LTTng¹⁶ is also a widely used open source tracing framework for Linux. It used static tracing and required kernel recompilation until version 2.0; it currently utilizes ftrace and kprobe subsystems in the Linux kernel. It makes the users understand the interactions among multiple system components, like the Linux kernel, using either existing or user-defined instrumentation points, C/C++ applications, Java applications, Python applications, or any other user space application with the LTTng logger. It may outperform other tracers because it has optimized event collection. It also supports numerous event types, including USDT (user-level statically defined tracing).

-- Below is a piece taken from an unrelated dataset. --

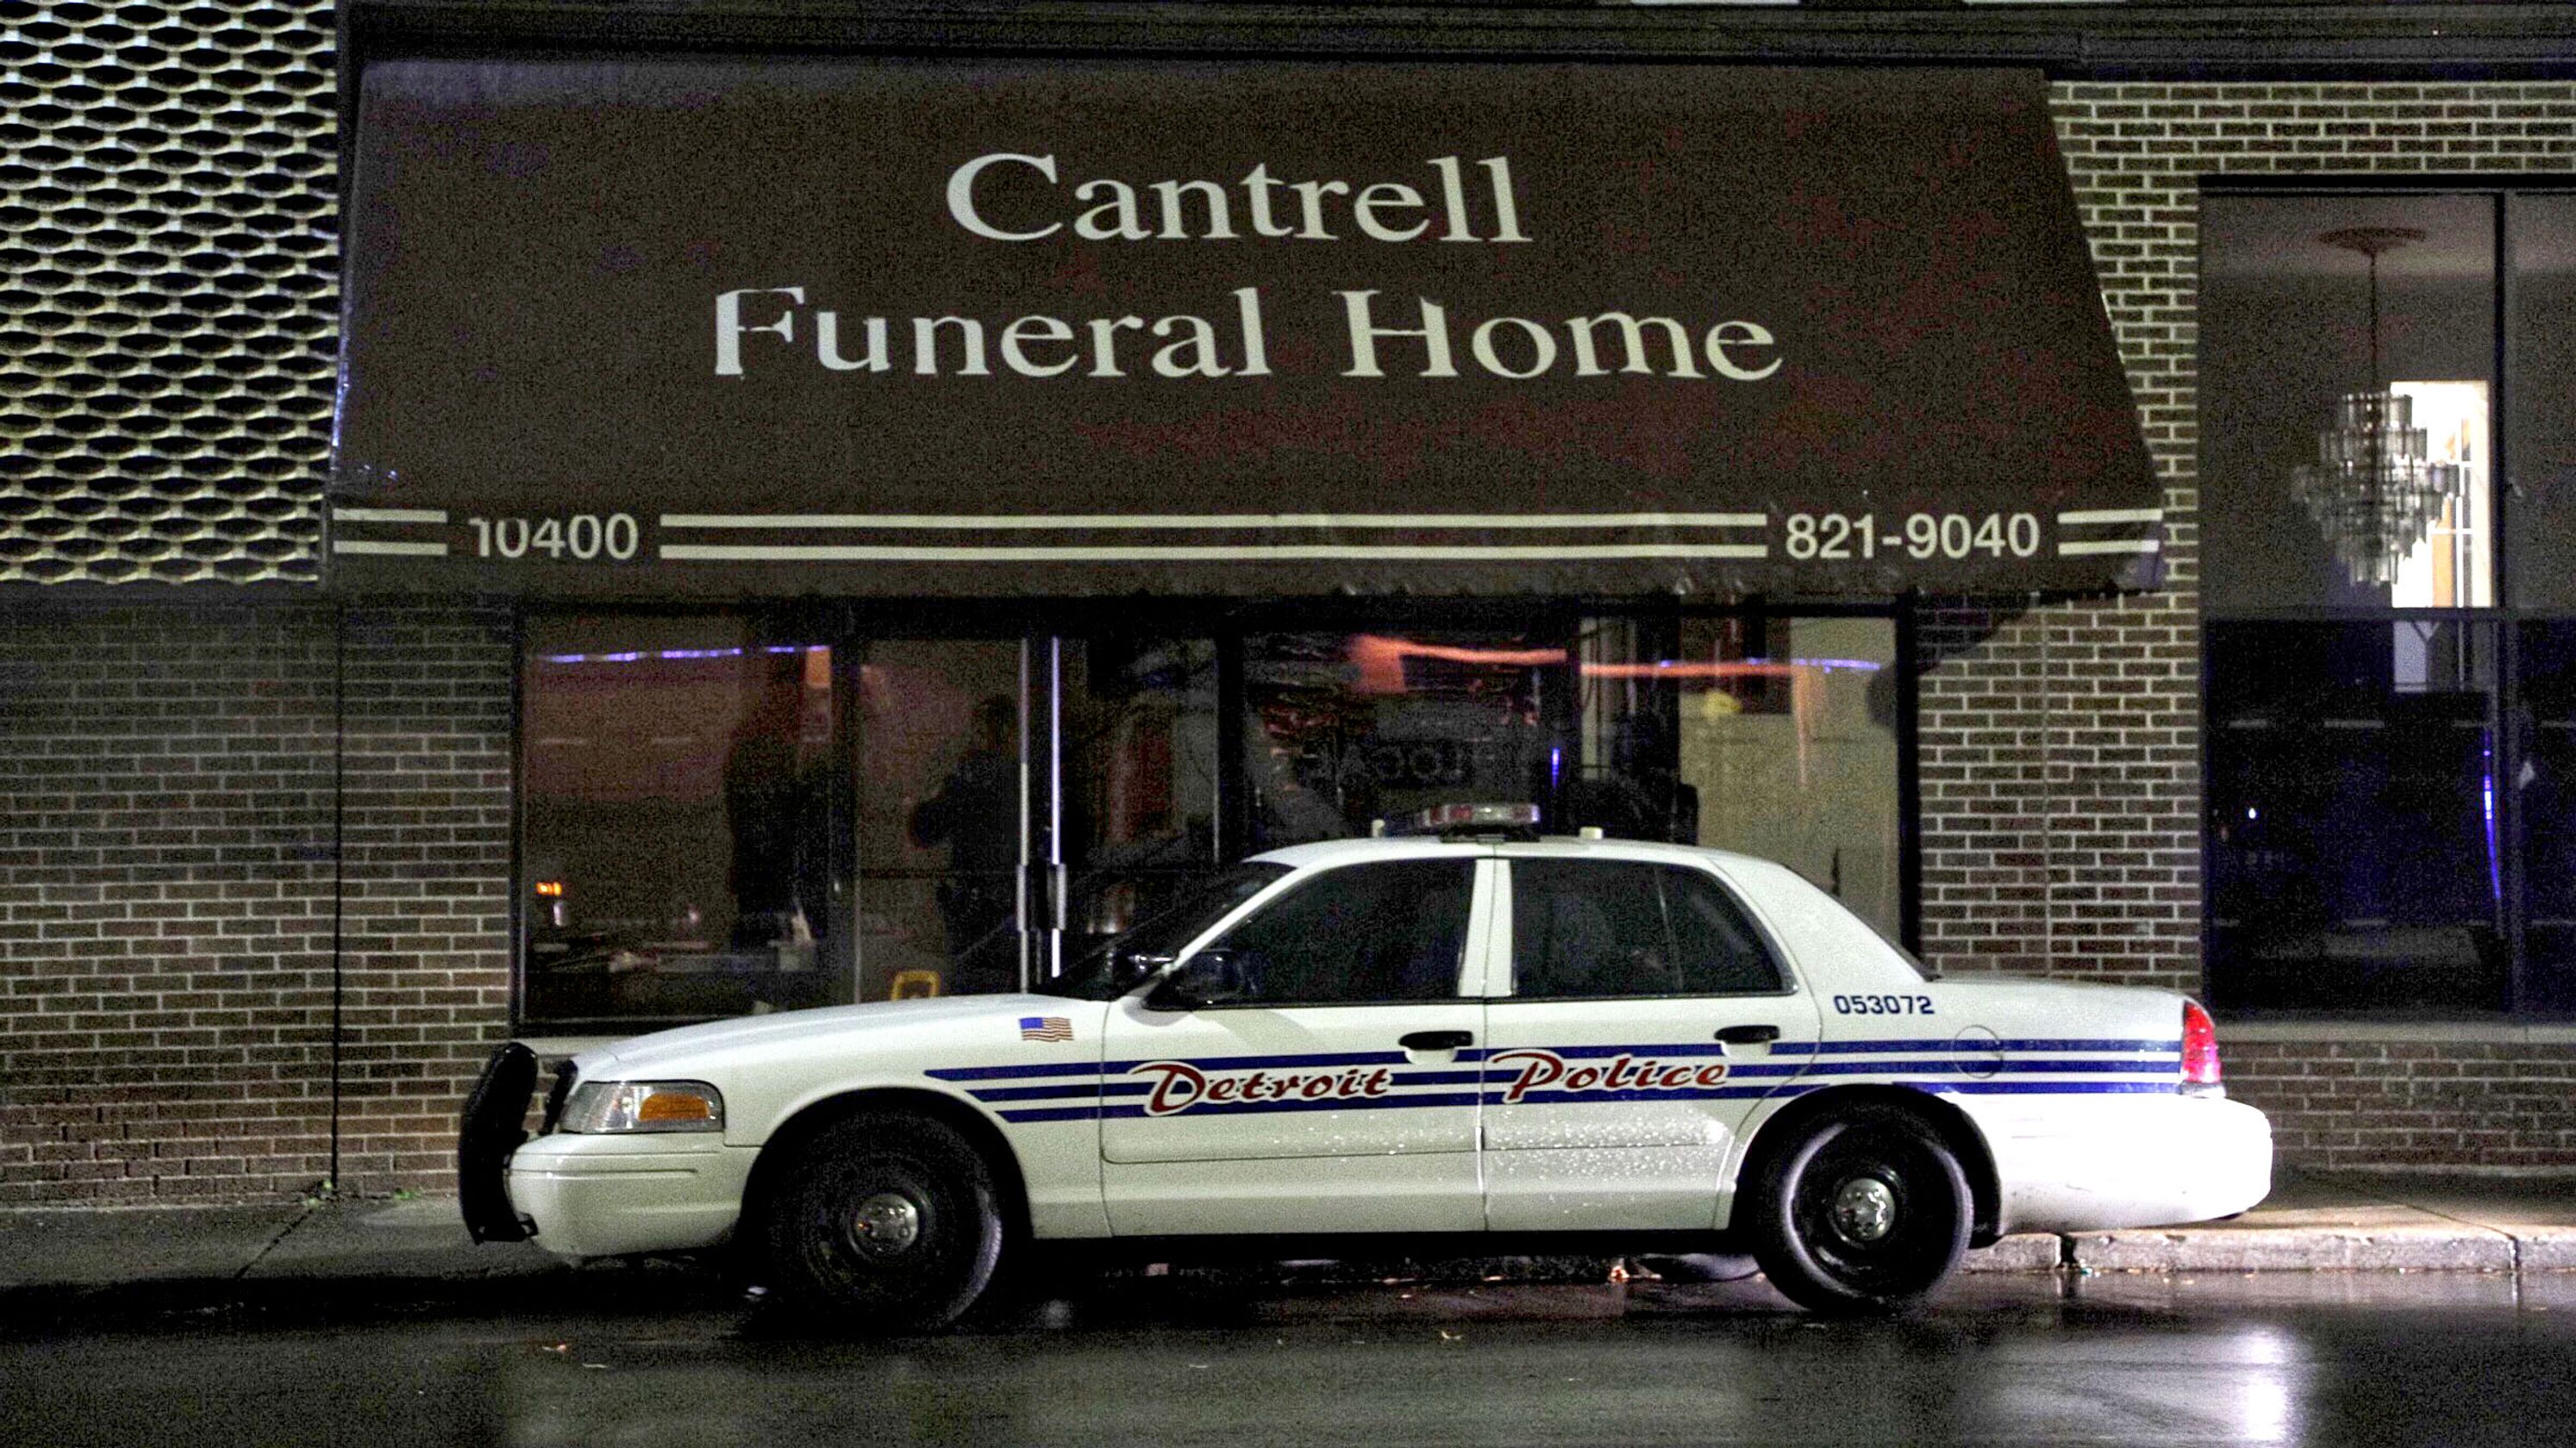 d0bcc2df-d472-4a2d-9b50-181e5d625017-Cantrell_Funeral_Home.jpg

When identifying the overall system performance instead of only storage IO, these tools will play a significant role. In Chapter 9, you will use Ceph as an example to find the performance bottleneck from an overall system view.

Trace Warehouse

Mainly for research purposes , there are some real/synthesis traces available online for download. The following are few examples:

SNIA at http://iotta.snia.org . It provides block IO trace (e.g., the block traces on a virtual desktop infrastructure and Microsoft Production Servers), NFS trace, system call trace, etc.
Sandia National Laboratories at www.cs.sandia.gov/Scalable_IO/SNL_Trace_Data/ . S3d I/O kernel trace data was collected during runs on 6400 clients of Redstorm.
Los Alamos National Laboratory at http://institute.lanl.gov/data/ . Few traces, like MPI/HPC, are categorized.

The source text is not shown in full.